I'm running tomato on a WNR3500L/U/v2... uptime is 134 days and I'm pretty sure the last bounce was a power outage. So, ymmv?


WRT1900ACS is pretty good with DD-WRT (uptime can be until next firmware update). Linksys also sell special set of antennas, which improve signal range (costly but can be worth it depending on your situation). I think they target it for network enthusiasts, rather than very wide market, so they put some effort into quality there.


I've had the same experience with DD-WRT on TPLINK hardware. DD-WRT has great features but always seems to require a reboot every 1-2 days :(


Counterpoint: I run dd-wrt on a TPLINK el cheapo something at the office, to connect all the boxen and let me SSH into each of them (port forwarding 19 to 22 on box1, 20 to 22 on box2 etc). It Just Works, never had to reboot it in four years now. (WiFi is off though.)

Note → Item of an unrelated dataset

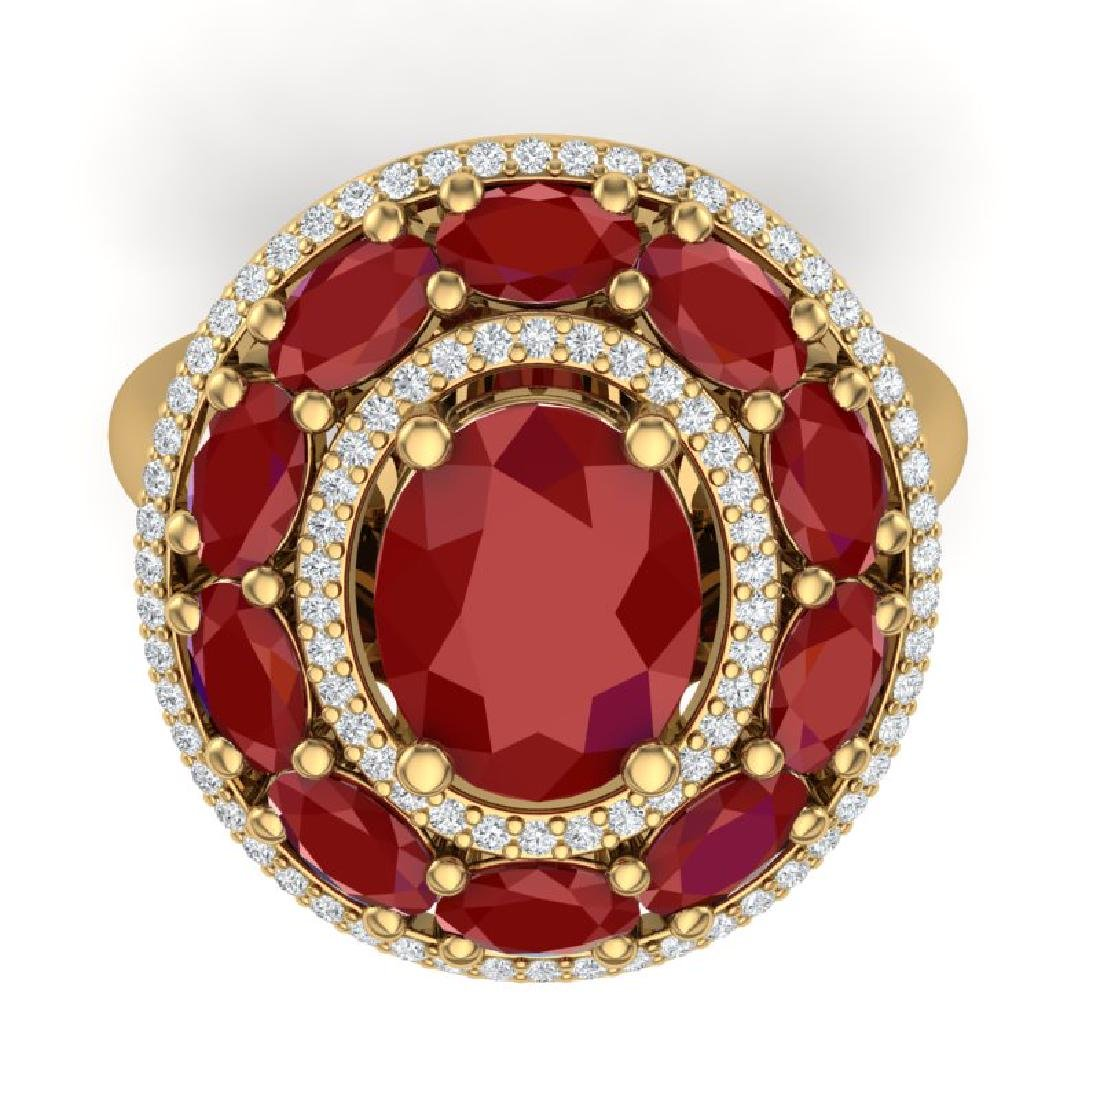 8.05 CTW Royalty Designer Ruby & VS Diamond Ring 18K - 2
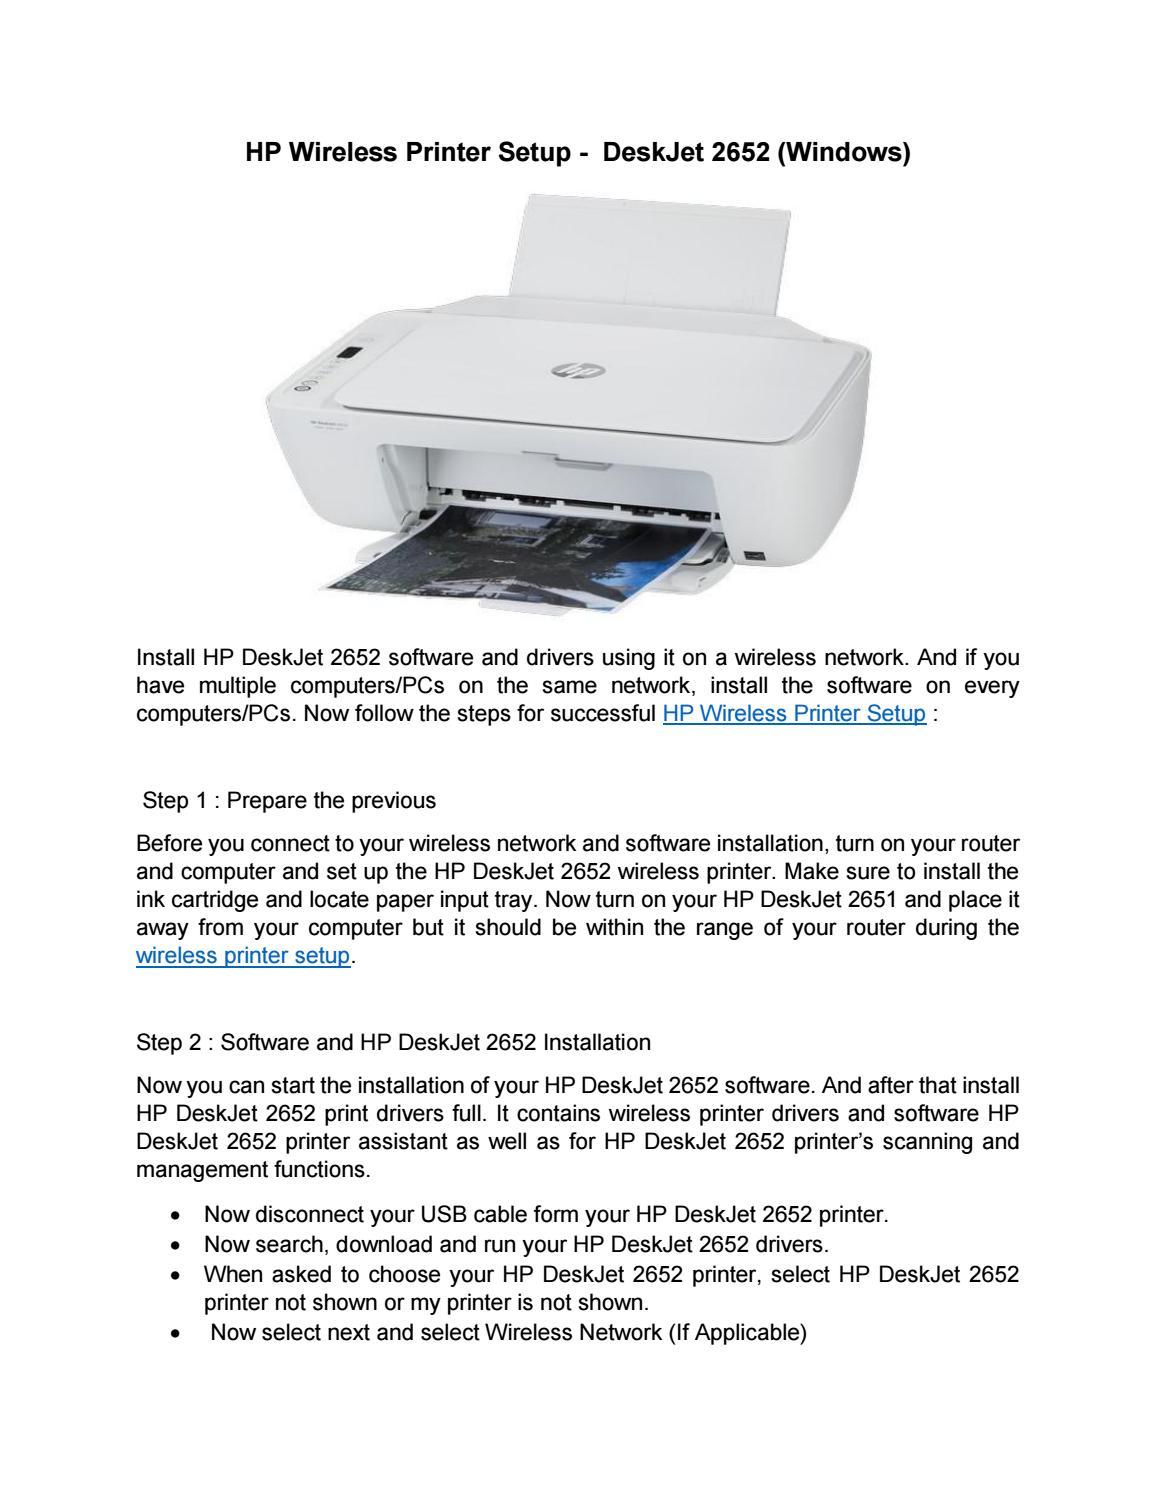 Hp Deskjet 2652 Printer Installation

Likewise. I ended up reverting a couple of my Linksys APs and WRTs back to stock firmware and living with the lack of features...


dd-wrt has gotten pretty bad. They don't publish new releases anymore you just pick a daily build from one of the random people who publish builds and hope it doesn't brick your router. Learned this after bricking my router :(


I think their main developer (Brainslayer) publishes his builds periodically. So those aren't random people. But in general it's not really a fully open development project. I.e. it's not governed by any community.

OpenWRT is better in this sense, but even there some people split into recent LEDE project: https://www.lede-project.org

Regarding bricking. Linksys WRT1900ACS is designed with that in mind. It has two partitions, and you always flash updates to another one, so if something goes wrong, you can easily switch to the other partition which will hold previous installation, using special on / off sequence. It's a neat idea, and more routers should follow it.